In general, better results are obtained as the amount of shrinkage is increased. Thus, in one preferred embodiment, the web is shrunk more than 15% in at least one direction, such as from about 15% to about 22%.

Besides making the fabric stretchable and moldable, heat treating the web also accomplishes many other advantages. For instance, densifying the web increases the abrasion resistance of the web. Further, the web obtains a more aesthetic appearance after being densified. In particular, during heat treatment, the fibers can retract and crimp causing the ends of the fibers to become intertwined into the middle of the fabric. This effect removes protruding fibers from the surface and greatly improves the smoothness of the web.
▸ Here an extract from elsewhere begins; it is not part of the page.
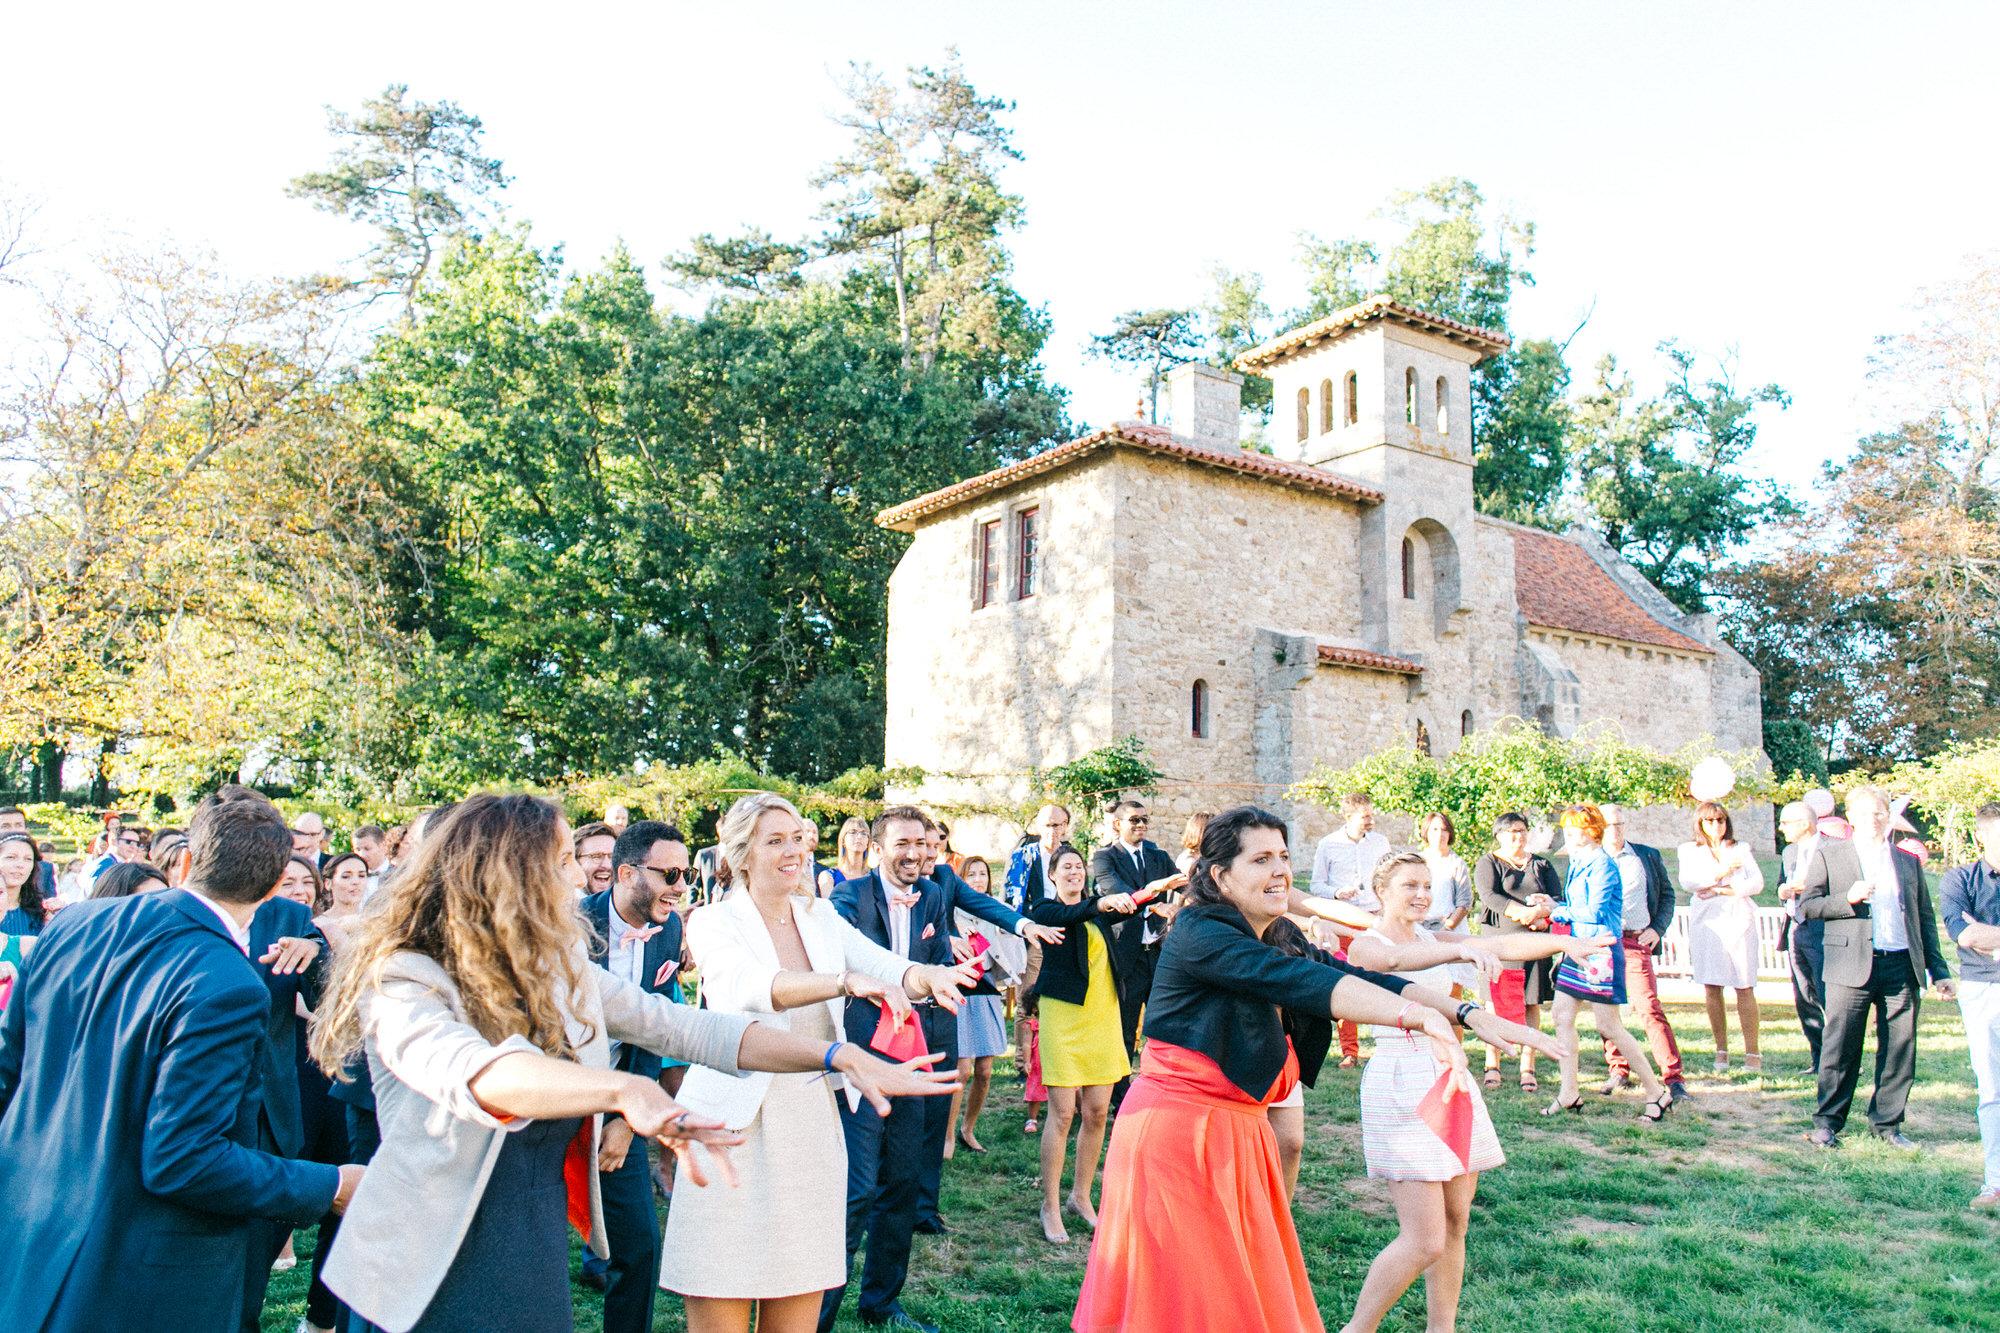 photographe-mariage-la-roche-sur-yon-36

Fabrics made according to the above described process are well suited for being used as a headliner fabric as shown in Figure 1. For most applications, the final fabric product can have a basis weight from about 150 g/m2 to about 250 g/m2, and particularly from about 170g/m2 to about 220 g/m2. It should be understood, however, that the fabric is well suited for other applications as well. In particular, the fabric can be used in any application wherein a decorative fabric is needed to cover and be attached to a contoured surface.

For example, as described above, the fabric of the present invention can also be used to cover car visors, vehicle door panels, vacuum bag filter casings, office panels and luggage.

These and other modifications and variations to the present invention may be practiced by those of ordinary skill in the art, without departing from the spirt and scope of the present invention, which is more particularly set forth in the appended claims. In addition, it should be understood that aspects of the various embodiments may be interchanged both in whole or in part.

Furthermore, those of ordinary skill in the art will appreciate that the foregoing description is by way of example only, and is not intended to limit the invention so further described in such appended claims.